10 KiB
JSON Archive Format Specification v1.0
Overview
A JSONL (JSON Lines) format for tracking the evolution of JSON objects over time using delta-based changes with JSON Pointer (RFC 6901) for path notation. Inspired by asciicinema v3 format.
File Structure
{header}
[event]
[event]
...
- First line: JSON header object
- Following lines: Event arrays or comments
- File extension:
.json.archive - Encoding: UTF-8
File Extension Rationale
The .json.archive extension is designed for workflows where a command line program generates the same filename.json file daily. By appending .archive to the existing filename, minimal changes are needed to existing processes.
For example, if you have a daily process that generates data.json, the archive becomes data.json.archive. This makes shell pipeline operations intuitive:
json-archive concat data.json.archive data.json --remove-source-files
This command clearly shows that json-archive is moving the contents of data.json into the archive, making the operation self-documenting and requiring minimal changes to existing workflows.
Header Format
{
"version": 1,
"created": "ISO-8601 timestamp",
"source": "optional source identifier",
"initial": { ... initial object state ... },
"metadata": { ... optional metadata ... }
}
Required fields:
version: Format version (currently 1)created: ISO-8601 timestamp of archive creationinitial: Complete initial state of the tracked object
Event Types
Each event is a JSON array with the event type as the first element.
1. Observe Event
Marks the beginning of an observation with a count of following changes.
["observe", observationId, timestamp, changeCount]
observationId: Unique string identifier (can be any string: UUID, timestamp, sequential ID, etc.)timestamp: ISO-8601 timestampchangeCount: Number of add/change/remove/move events that follow
2. Add Event
Adds a new field to the object.
["add", path, value, observationId]
path: JSON Pointer path to the fieldvalue: Any JSON valueobservationId: String referencing the preceding observe event
3. Change Event
Modifies an existing field value.
["change", path, newValue, observationId]
path: JSON Pointer path to the fieldnewValue: New valueobservationId: String referencing the preceding observe event
4. Remove Event
Removes a field from the object.
["remove", path, observationId]
path: JSON Pointer path to the fieldobservationId: String referencing the preceding observe event
5. Move Event
Reorders existing elements within an array. Moves are applied sequentially.
["move", path, [[fromIndex, toIndex], ...], observationId]

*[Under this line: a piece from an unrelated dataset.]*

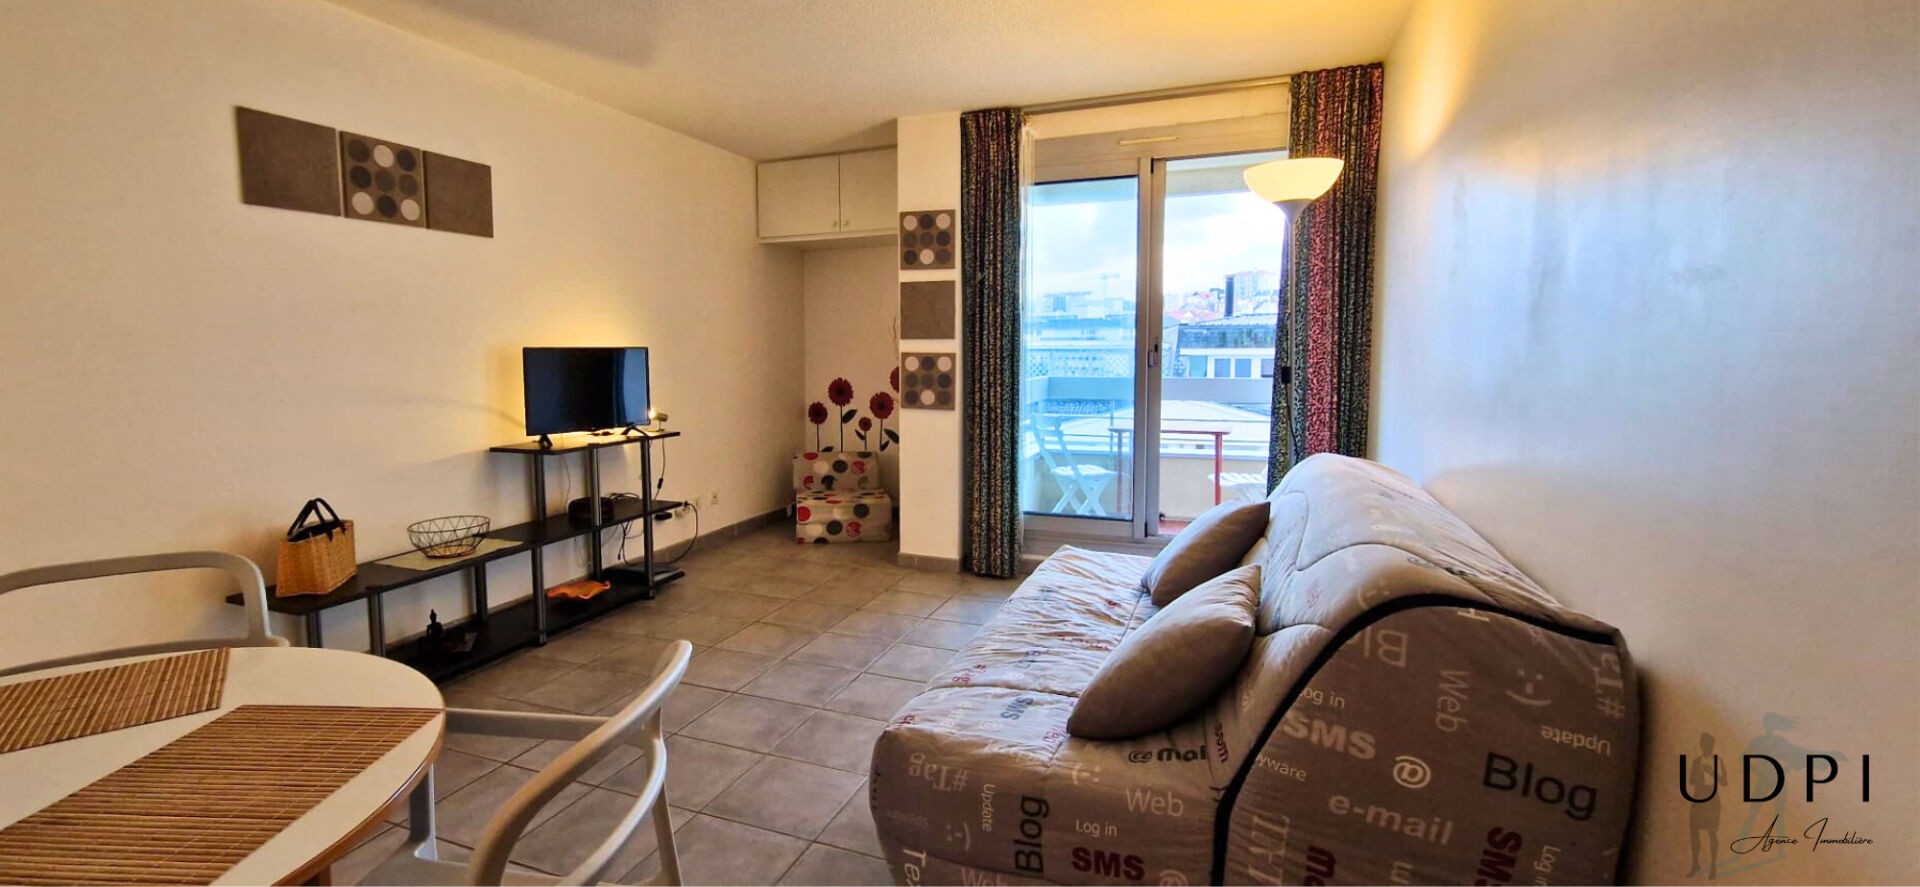 Vente Appartement à Biarritz 1 pièce

path: JSON Pointer path to the array[[fromIndex, toIndex], ...]: List of move operations applied in orderobservationId: String referencing the preceding observe event
Important implementation detail: Each move operation should:
- First, insert a copy of the element at
fromIndexinto positiontoIndex - Then, remove the original element from its position (accounting for any shift caused by the insertion)
This approach prevents index calculation errors. When fromIndex > toIndex, the removal happens at fromIndex + 1. When fromIndex < toIndex, the removal happens at fromIndex.
Example: Given array [A, B, C, D]:
["move", "/items", [[3, 1]], "obs-001"]
Step 1: Insert D at index 1 → [A, D, B, C, D] Step 2: Remove from index 4 → [A, D, B, C]
For multiple moves on [A, B, C]:
["move", "/items", [[2, 0], [2, 1]], "obs-001"]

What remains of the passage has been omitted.